Steep Plunge In Yield Curve Spreads, Inversions And A Recession Loom

Yield spikes but spreads collapsed across the board on Thursday as the market priced in more rate hikes as well as sooner rate hikes by the Fed.

Yield Curve Spreads from the Fed and Mish Calculations 

Yield Curve Spreads from the Fed and Mish Calculations 

 

Massive Bond Market Carnage 

There was massive bond market carnage on Thursday as yields spiked across the board.

Yields rose faster in the mid-tiers than the long end so the end result was a very bearish flattening.  

The 10-7 spread is zero and briefly inverted, that is the 7-year note yielded more than the 10-year note.

The 10-5 spread is down to 9 basis points and the 5-3 spread is 12 basis points. One basis point equals 0.01 percentage points of yield.

The much-watched 10-2 spread collapsed from 58 basis points to 42 basis points meaning rates on the 2-year note rose 16 basis points more than the yield on the 10-year note. 

Typically the 10-2 spread inverts before the recession but there is no requirement for that to happen. 

Half-Point Hike Now Expected in March

Rate hike odds courtesy of CME Fedwatch Tool.

Rate hike odds courtesy of CME Fedwatch Tool.

 

The market now fully expects a half-point hike by the Fed at the March 16 FOMC meeting. 

Expectations gyrated wildly following CPI data and Hawkish Words by St. Louis Fed President James Bullard

I’d like to see 100 basis points in the bag by July 1,” Bullard, a voter on monetary policy this year, said in an interview with Bloomberg News on Thursday. “I was already more hawkish but I have pulled up dramatically what I think the committee should do.”

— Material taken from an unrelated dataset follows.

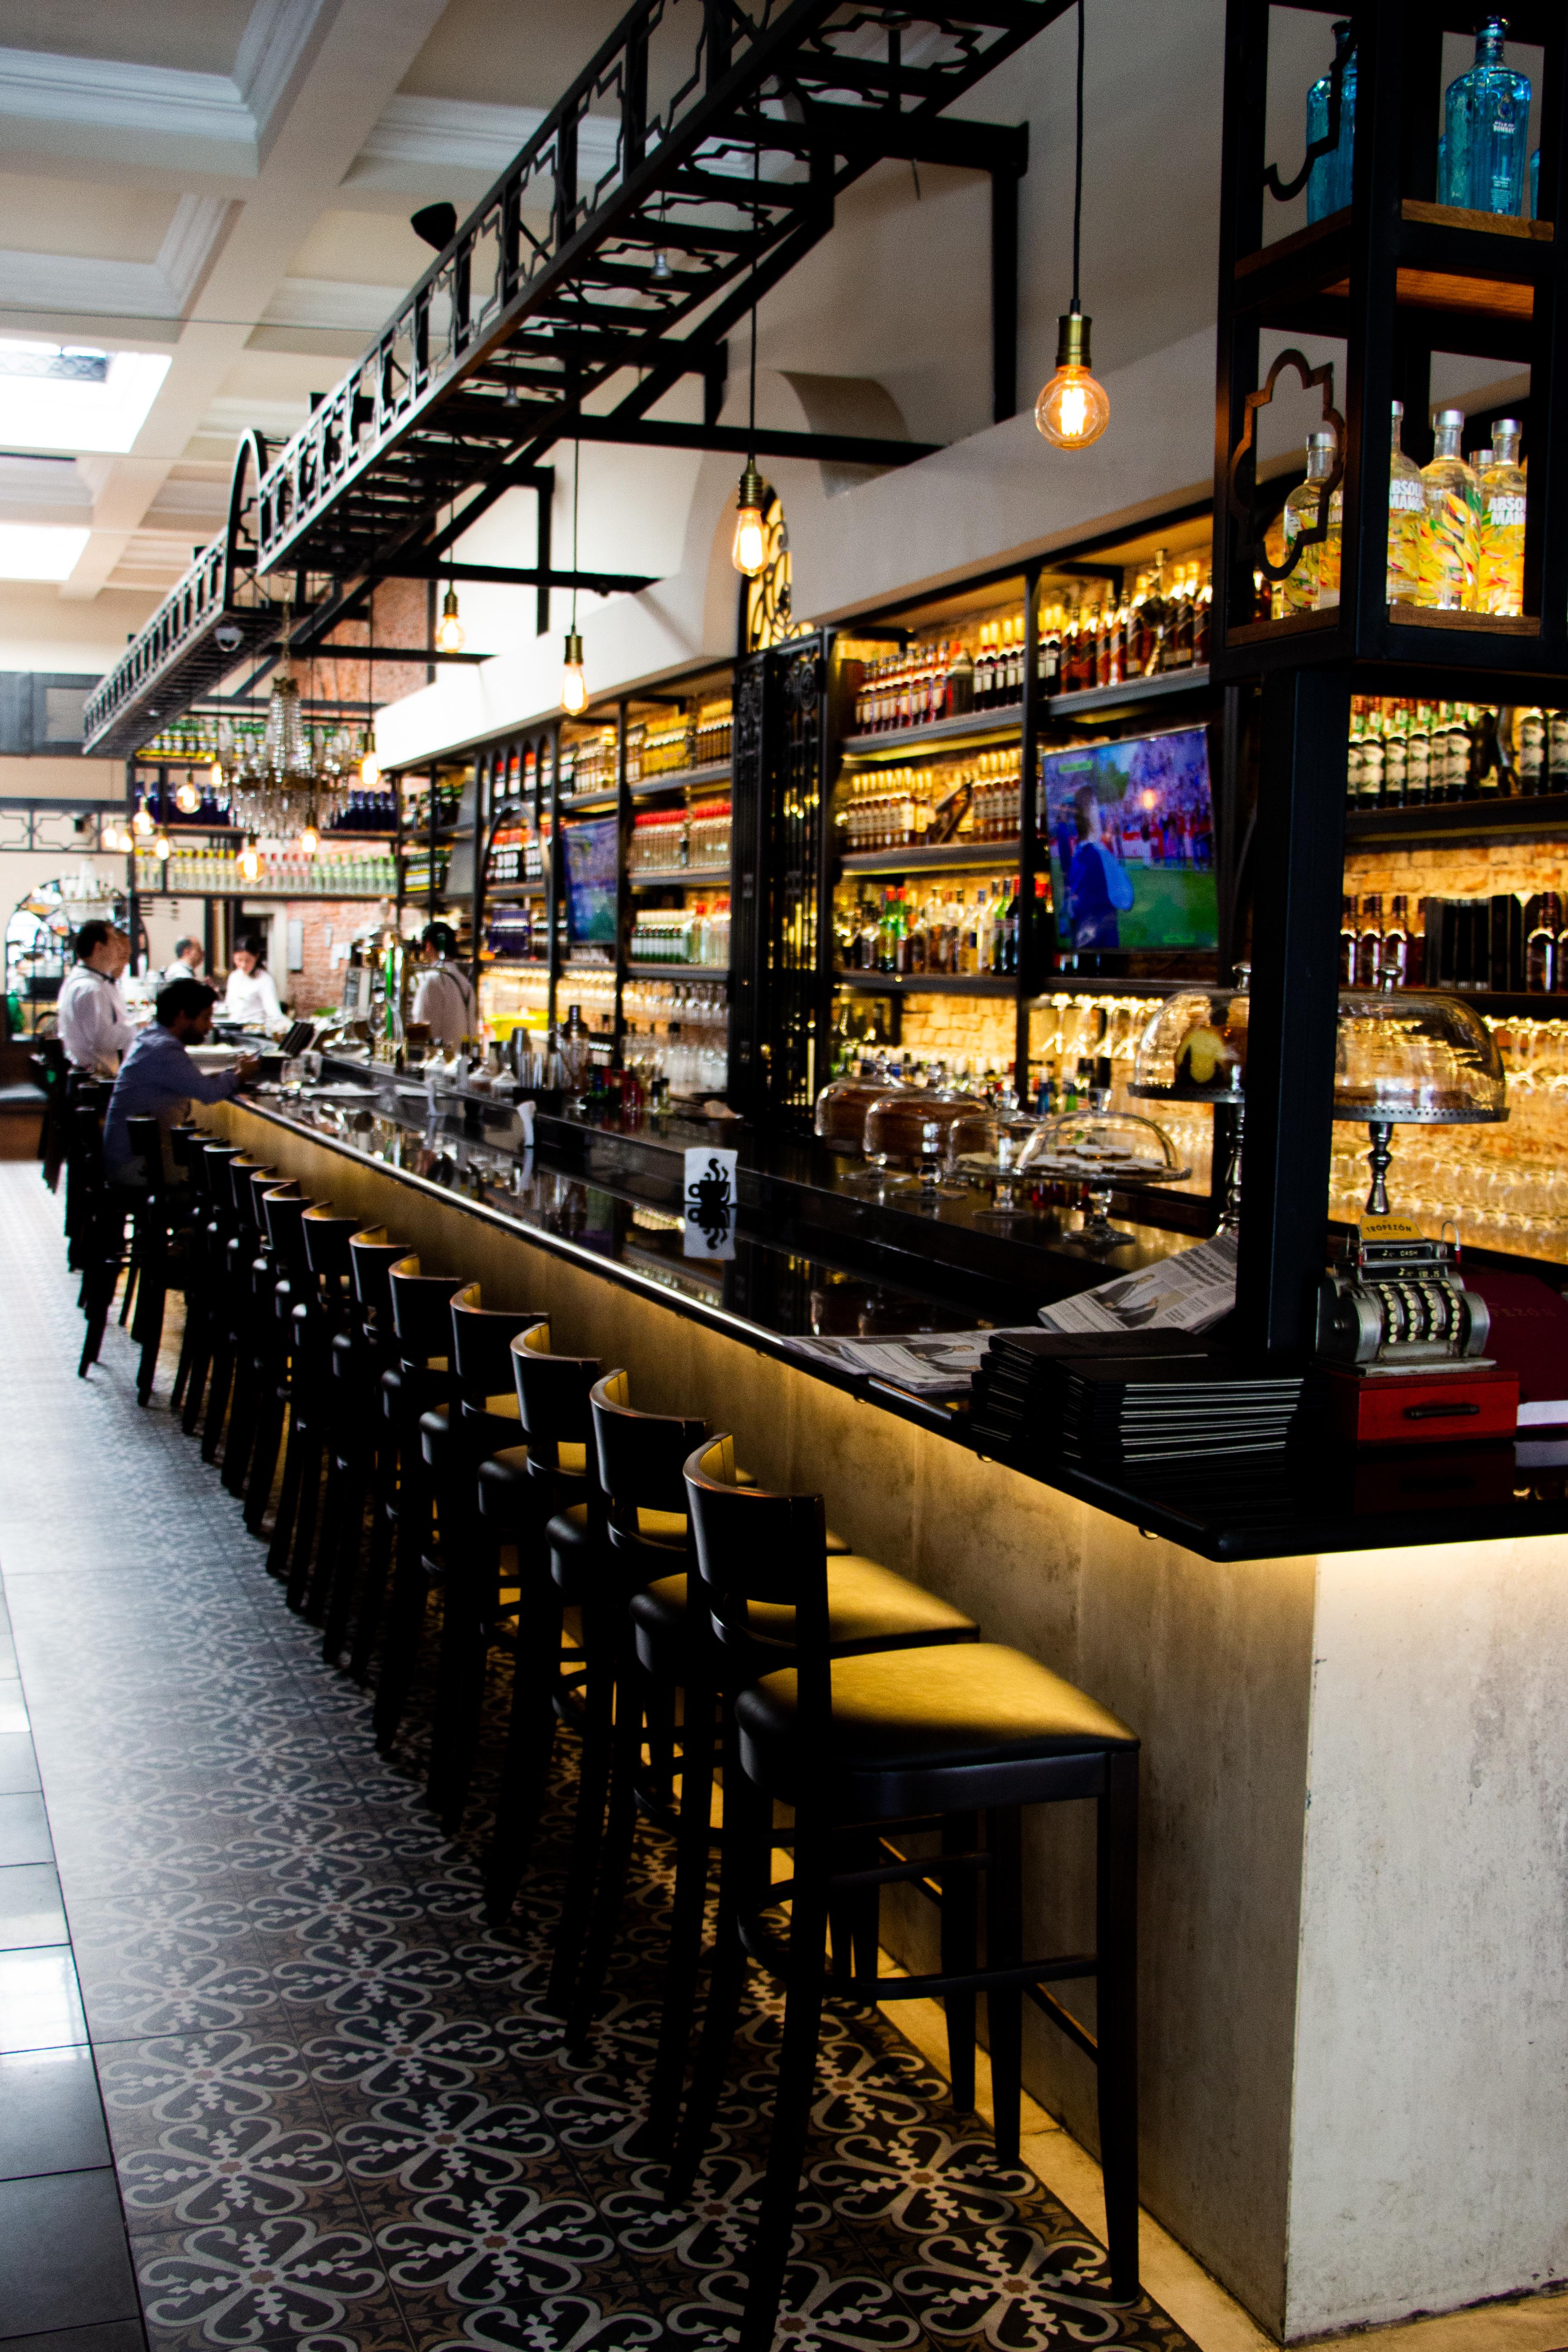 """""""No vayas a lecherías a pillar café con leche. Morfate tus pucheretes en el viejo Tropezón. Y si andás sin medio encima, cantale ¡Fiao! a algún mozo. En una forma muy digna pa' evitarte un papelón"""", cantaba Carlos Gardel 90 años atrás sobre su restaurante preferido: El Tropezón"""

The Fed could have and should have been hiking long ago. Now the economy is weakening and inversions loom before the Fed gets in its first hike. 

If the Fed does a half-point hike in March, I expect major inversions including the 10-2, signaling recession on the horizon.

CPI Trigger 

Consumer Price Index (CPI) data from BLS, chart by Mish

Consumer Price Index (CPI) data from BLS, chart by Mish

The BLS CPI report triggered the bond carnage as noted in CPI Jumps Most Since February 1982, Up at Least 0.5% 9 Out of Eleven Months.

Year-Over-Year Key Details

  • The all items index rose 7.5 percent for the 12 months ending January, the largest 12-month increase since the period ending February 1982.
  • All items excluding the food and energy index rose 6.0 percent, the largest 12-month change since the period ending August 1982.